Cultivating the past
What role did introduced crops and agricultural techniques play in the colonisation of New Zealand?
Associate Professor Ian Barber (Archaeology) describes this as “a profound, unresolved problem in New Zealand archaeology” and has set about trying to solve it.
Barber explains that there is rigorous debate over the importance of the adaptation by New Zealand Māori and Chatham Islands Moriori of tropical Polynesian crops and agricultural techniques to a temperate land.
“One extreme view is that the people who came here pretty much gave up on crops; they did persist with kumara in the warmer parts of the country but, by and large, they were hunters and gatherers."
“The other scenario is that they managed to successfully adapt tropical crops and agricultural techniques so as to anchor settlement in a number of diverse New Zealand places.”

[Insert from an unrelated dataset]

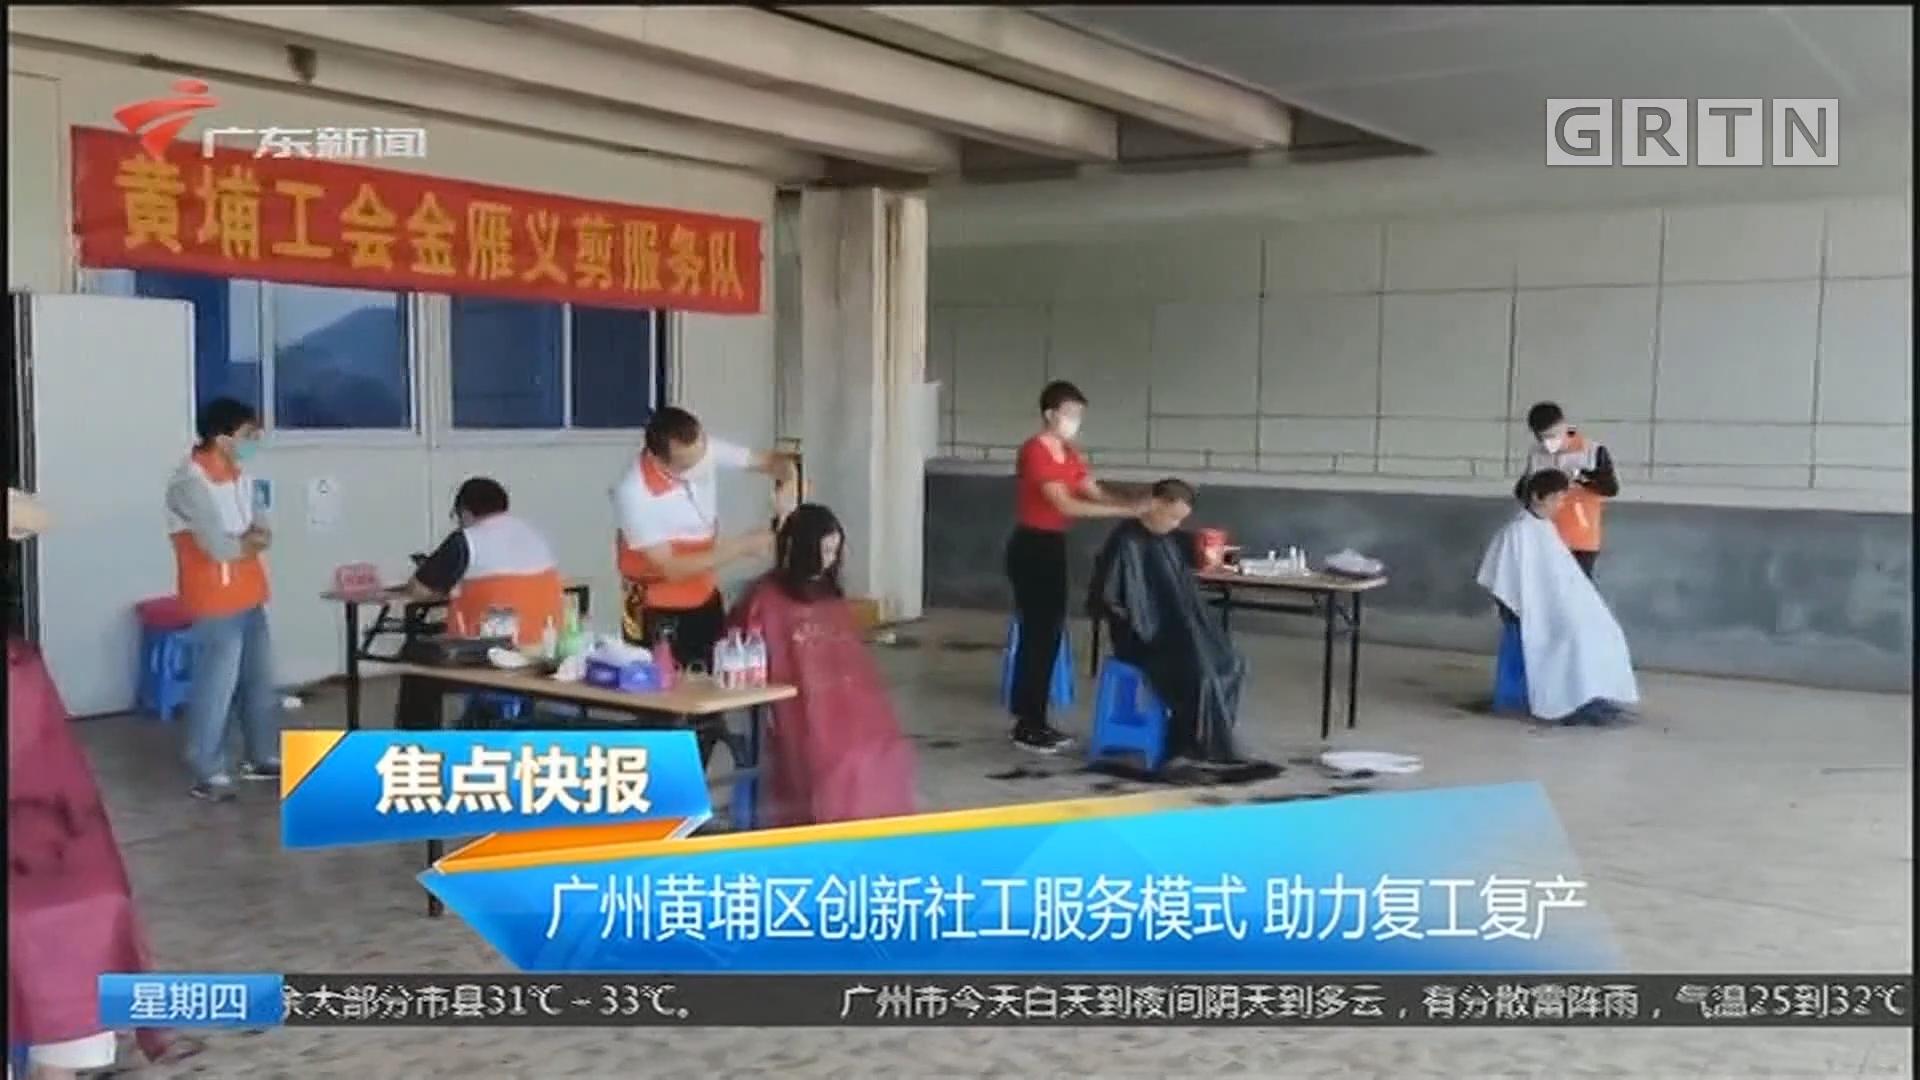 广州黄埔区创新社工服务模式 助力复工复产

Barber cites as an example of this adaptation one particular innovation in the growing of kumara: the addition of stones to soils to retain heat and facilitate drainage. He says that the kumara storage pit was another unique Māori innovation, to extend supply and keep seed.
“I will be excavating archaeological sites, both storage pits and also agricultural sites, to get new material to identify the technologies and, most particularly, to date those technologies, so we know when they were brought in and, therefore, we can infer how important they were for colonisation.”
Barber is undertaking the research with financial help from the Marsden Fund, specialist botanical research from a postdoctoral researcher, and statistical modelling from Professor Richard Barker (Mathematics and Statistics).